John Stephenson, senior partner and head of residential property team at law firm Bircham Dyson Bell LLP is warning landlords that failure to comply to the letter with the The Landlord and Tenant Act 1985 could leave them 'hard up' when it comes to the upkeep and repair of buildings leased to tenants.

The warning comes off the back of the ruling on Daejan Investments Ltd Vs Benson where the statutory consultation requirements were not observed in their entirety by the landlord (Daejan Investments) and the liability of the five residential tenants was restricted to £250 each - much less than the £50,000 each that may have been due had the consultation been carried out.

The Court of Appeal concluded that while the financial consequences for the landlord of being unable to recover the service charge fully were significant, this wasn't a relevant factor when deciding whether or not to waive the consultation requirements of the Act.

"The Landlord and Tenant Act 1985 sets out detailed requirements and preconditions which must followed to the letter where landlords seek to recover the cost of works to a property from residential tenants via a service charge," explains John Stephenson.

"In this case, some, but critically not all, of the consultation steps had been followed by the landlord, leaving it with a substantial liability of some £270,000 for the cost of repairs to the building."
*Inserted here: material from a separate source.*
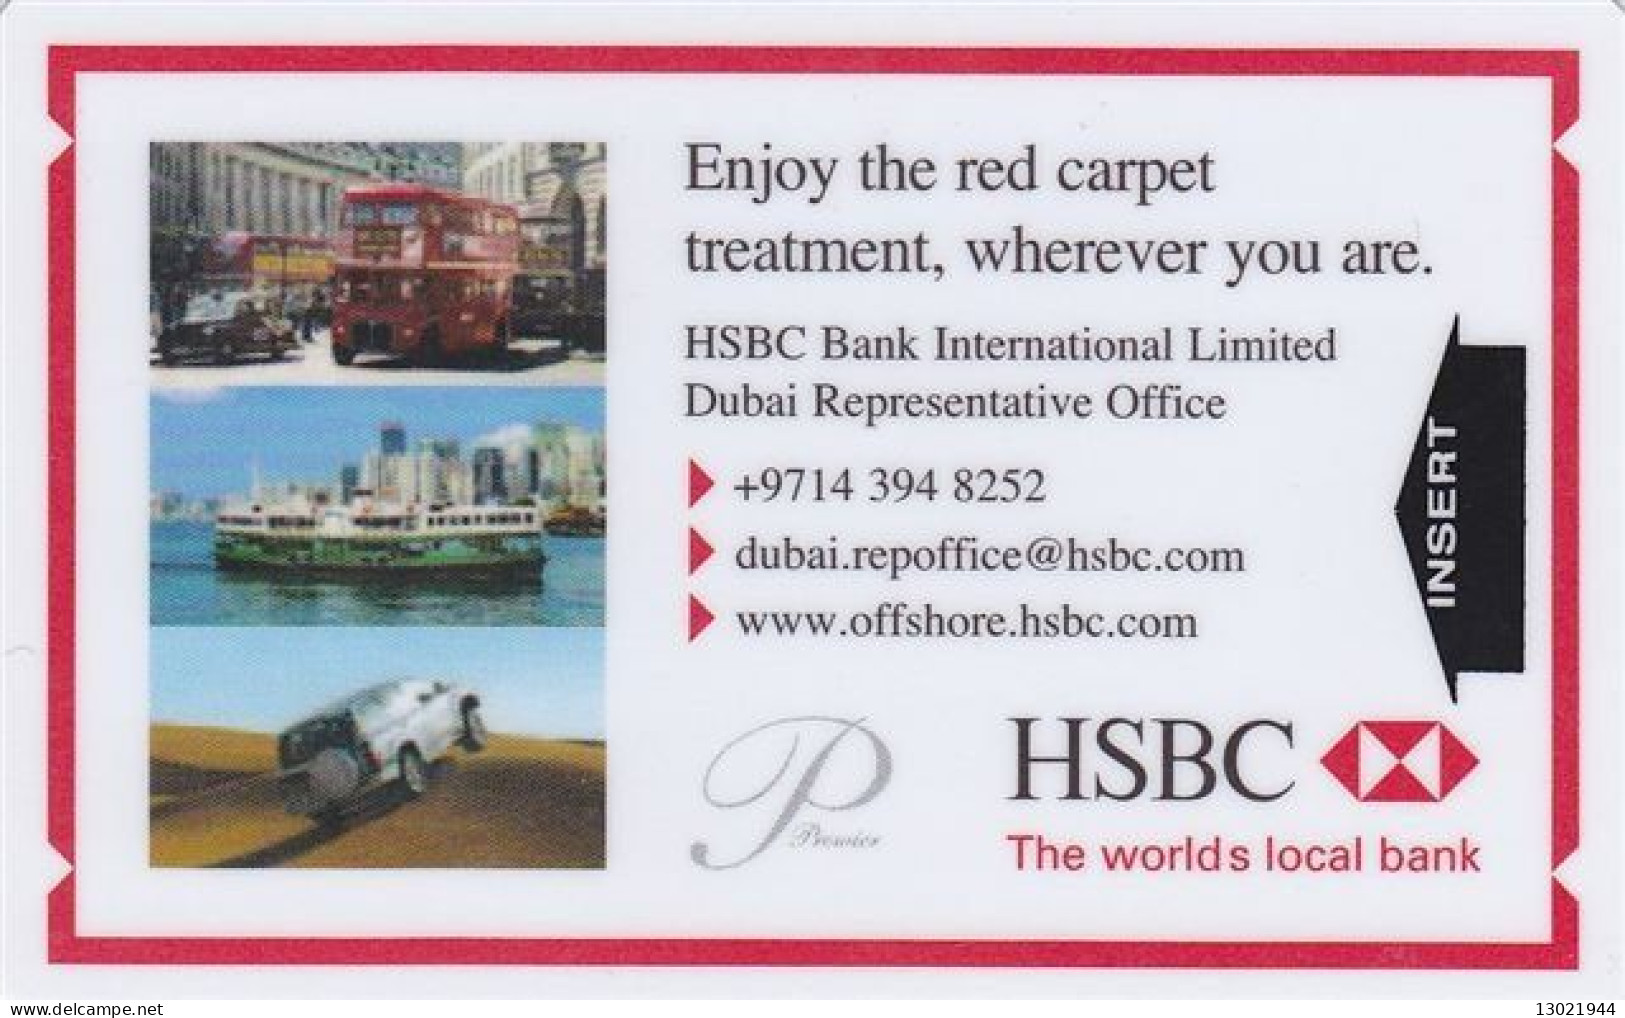 QATAR   KEY HOTEL   Mövenpick Hotel Doha - HSBC - Hotelsleutels (kaarten)

"Landlords must take notice of this important ruling and be able to explicitly show that they have taken the correct steps under the 1985 Act - otherwise a court will not forgive them their mistake. Alternatively, a somewhat more straightforward approach is to put money aside each year from service charges into a sinking fund for periodic major repairs and decorations, and thus not let the building get into such a state of disrepair in the first place."